---------- Supplied material ----------
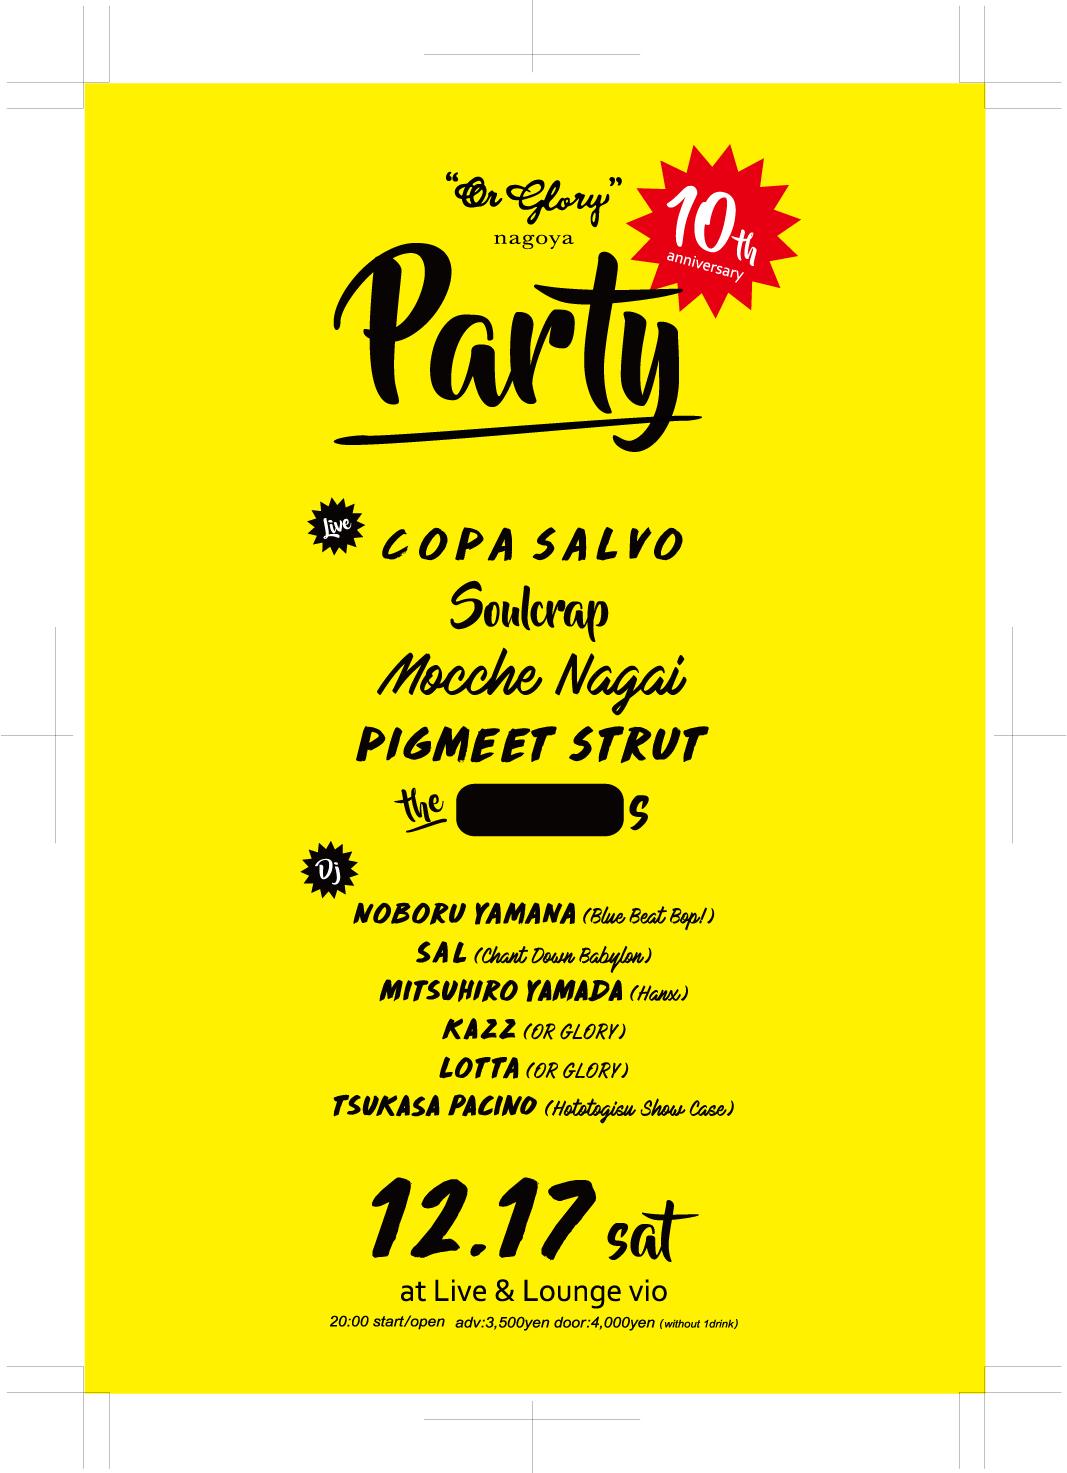 名古屋 Live & Lounge vio『OrGlory Nagoya 10th Anniversary』
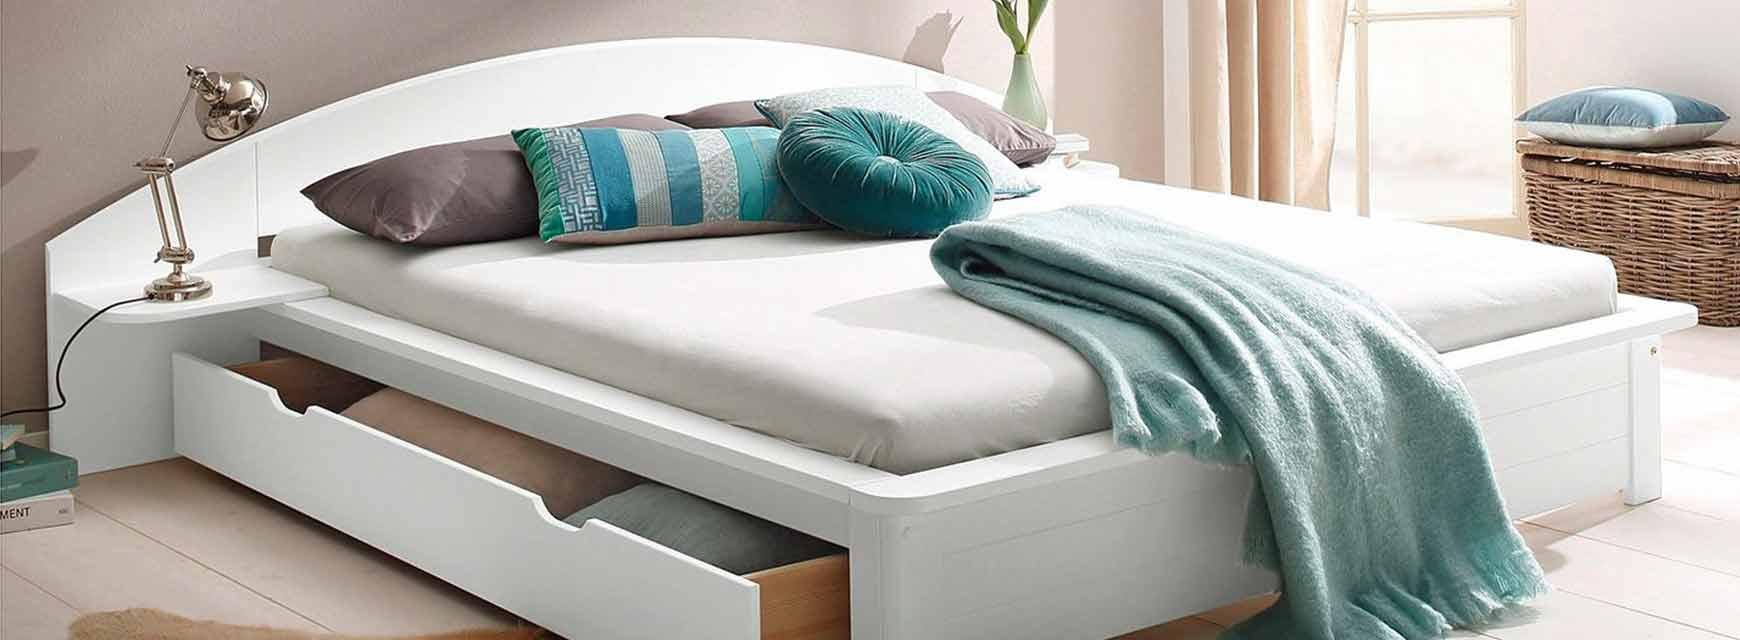 Full Size of Bett Landhausstil Landhaus Online Kaufen Naturloftde Betten 140x200 180x200 Günstig Günstige 200x200 Mit Matratze Ebay Konfigurieren Ausziehbar Leander Bett Bett 1.40
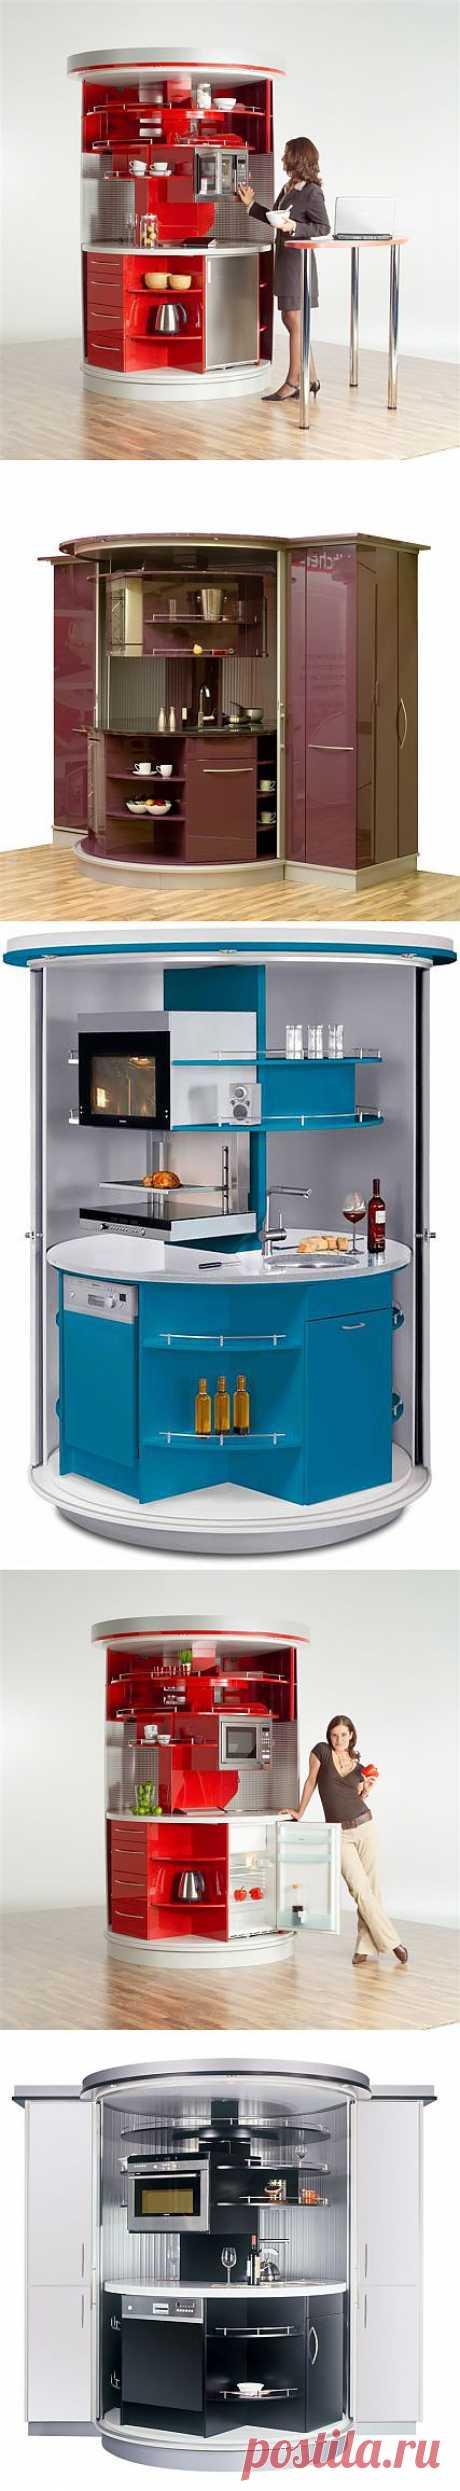 Дизайн вращающейся компактной кухни | Наш уютный дом
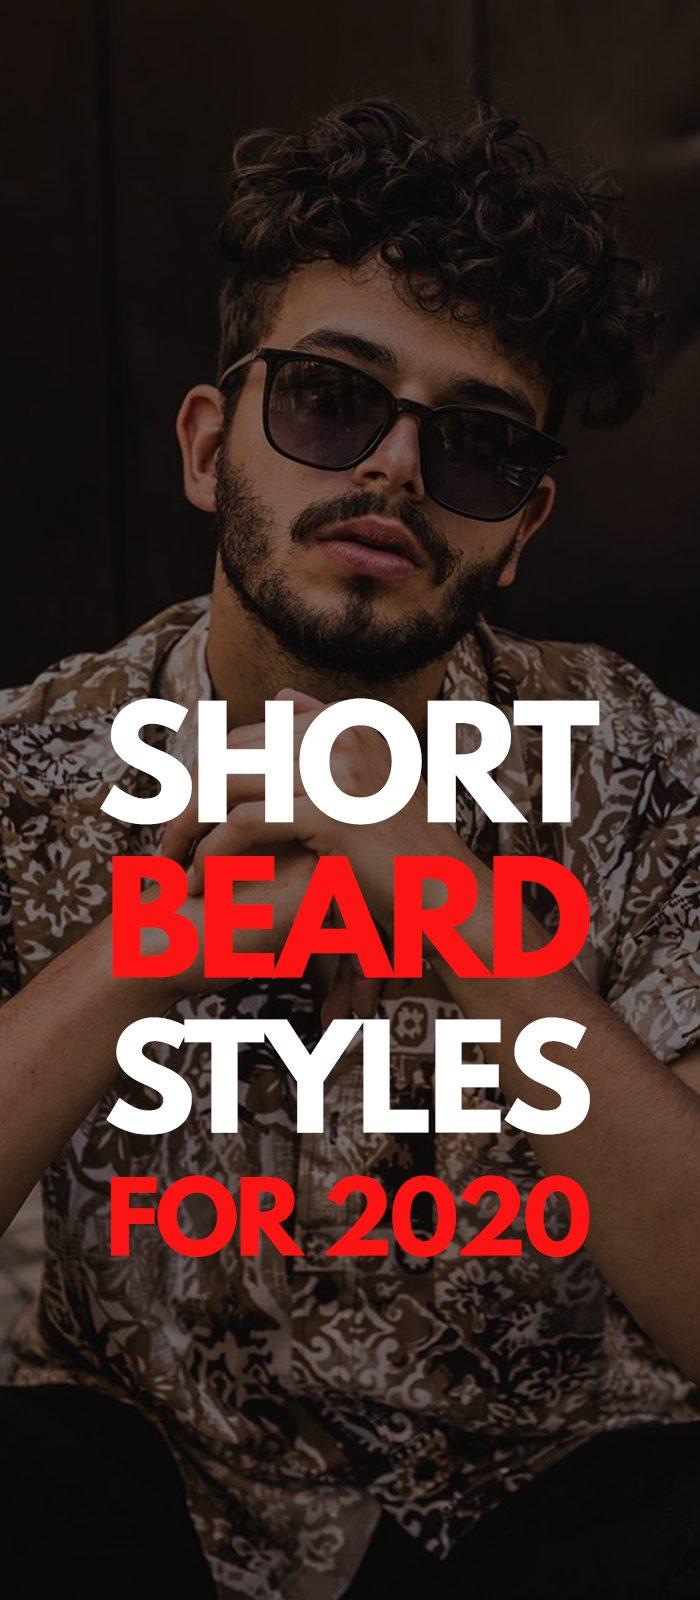 5 Stunning Short Beard Styles for Men in 2020
----------
> Problem:
Pictures are not part of the copy; transcribe the rest of the data verbatim.

> The answer:
 名古屋 Live & Lounge vio『OrGlory Nagoya 10th Anniversary』
 Full Size of Bett Landhausstil Landhaus Online Kaufen Naturloftde Betten 140x200 180x200 Günstig Günstige 200x200 Mit Matratze Ebay Konfigurieren Ausziehbar Leander Bett Bett 1.40
 Дизайн вращающейся компактной кухни | Наш уютный дом
 5 Stunning Short Beard Styles for Men in 2020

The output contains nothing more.